We celebrate July 4th with a lot of hoopla.  Flag-waving parades.  Backyard barbecues with beer and laughter.  Fireworks.  Good times.

We celebrate the creation of a new country, a new ideal, in 1776.  It was a country that rejected hereditary aristocracies, that called for equal rights for (most) men, that endeavored to create a new and better order for the ages.

Naturally, in an effort this ambitious, involving so many men with differing ideas and ideals, the end result was flawed.  Native Americans were ruthlessly killed or shunted aside.  Slavery remained the original sin of the young republic, a stain partially erased by the Civil War but one whose legacy still dims the brightness of America’s lamp of liberty.

Today the USA remains decidedly imperfect.  That is why we must continue to strive to form a more perfect union, one which protects the rights of the weak against the depredations of the strong.  In this sense the revolution is never over.

As we reflect on the meaning of July 4th, our day of independence, we should recognize that independence is not a day simply to be celebrated.  Rather, it is a legacy that others have fought and died for, one we must continue to earn — and one we must continue to cherish and protect.

Just as the founders of this country fought against the tyrants of the 18th century, we must be on guard against the tyrants of the 21st century.  They may not be kings named George sending their mercenaries to quarter among and fight against us.  Today’s tyrants–today’s power-seekers and liberty-limiters–may even claim to be super-patriots who are protecting us from harm, even as they work to limit our rights while feasting on the plenty that still defines America.

But we know better.  We know what is best about America.  And on July 4th, we celebrate it.

America’s thirst for freedom — may it never be quenched.  May it always endure.

W.J. Astore

Asymmetrical Warfare: Its Real Meaning

Don't worry, it's just a game, and we have the best toys
Don’t worry, it’s just a game, and we have the best toys

When U.S. military theorists talk about asymmetrical warfare, they nearly always mean that the enemy has a diabolical advantage against us (They use human shields!  They have no qualms about endangering women and children!).  Rarely do these theorists recognize our own asymmetries, the enormous advantages they convey, and the seemingly irresistible temptation to use those advantages to smite our enemies, real or imagined.

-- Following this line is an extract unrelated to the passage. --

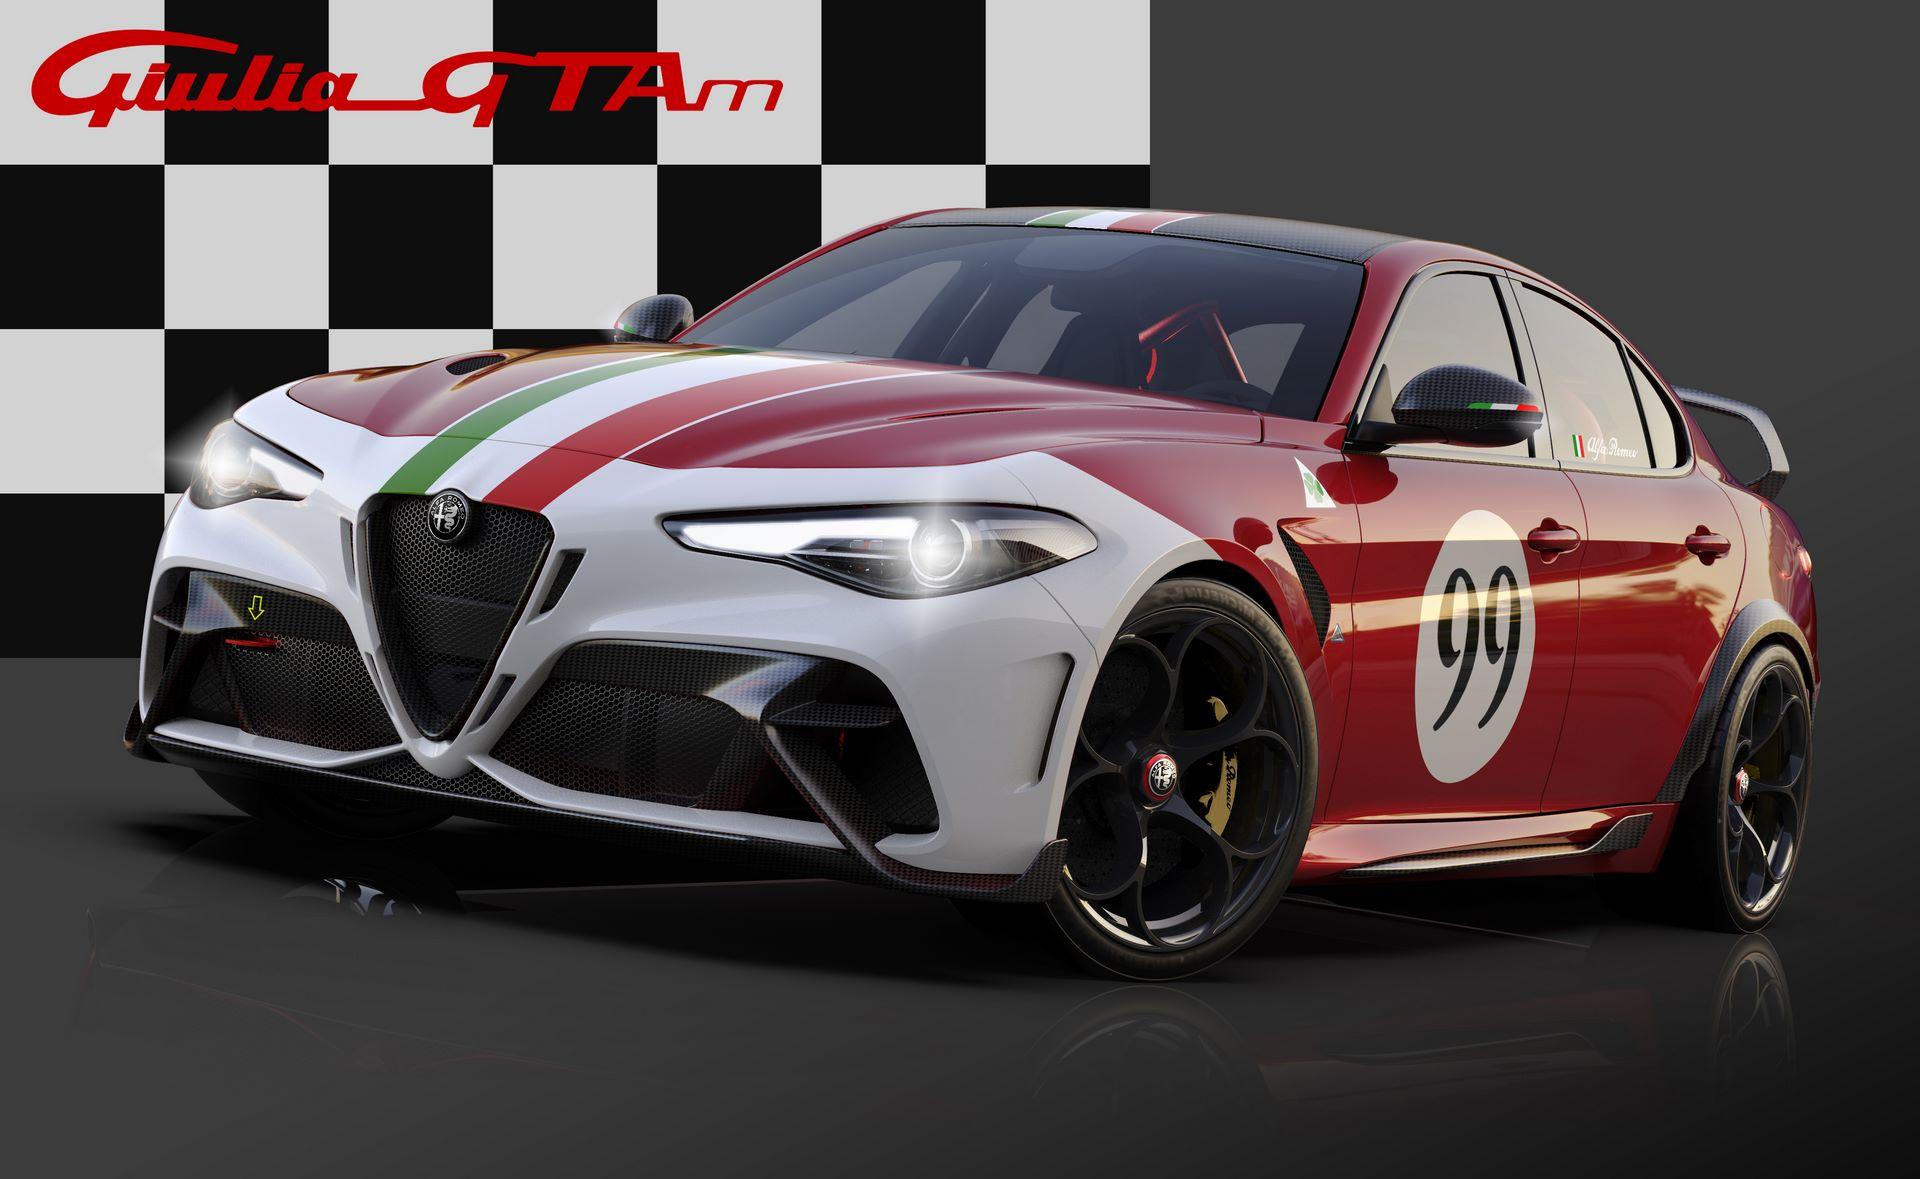 27_Alfa-Romeo-Giulia-GTA-dedicated-Livery

Our enormous military capability and virtual invulnerability to direct attack combine to actuate “proactive” and “kinetic” aggressiveness whose means are entirely out of proportion to the ends.  We “shock and awe” because we can, and because the targets on the receiving end of American firepower have little recourse and no ability to reply in kind.

How likely would it be that we’d meddle in Afghanistan or Iraq or Libya or Syria if these countries could strike with equal fury against the U.S.?

As the U.S. military responds with “urgent fury” in the name of “enduring freedom,” ordinary Americans are reduced to spectators at a bloodless video game, watching on American TV stock footage of missiles being launched, jet aircraft taking off, etc.  We’re supposed to gaze, with pride, at our arsenal in action, and applaud when U.S. missiles, at a cost of $50 million plus, slam into their targets.  It’s all bloodless (to us), just explosions from a distance blossoming on our TV screens in our living rooms.

So, when we talk of asymmetrical war, let’s remember our own asymmetries: the asymmetry of enormous American firepower, and the asymmetry of seeing war as a bloodless video game even as various enemies (or innocents) get vaporized by remotely-launched American missiles.

Our government has worked tirelessly to insulate the American people from the true costs of making war, which makes it far more likely that our war on terror, in one form or another, will continue indefinitely.

Let us recall, once again, the words of James Madison: No nation can preserve its freedom in the midst of continual warfare.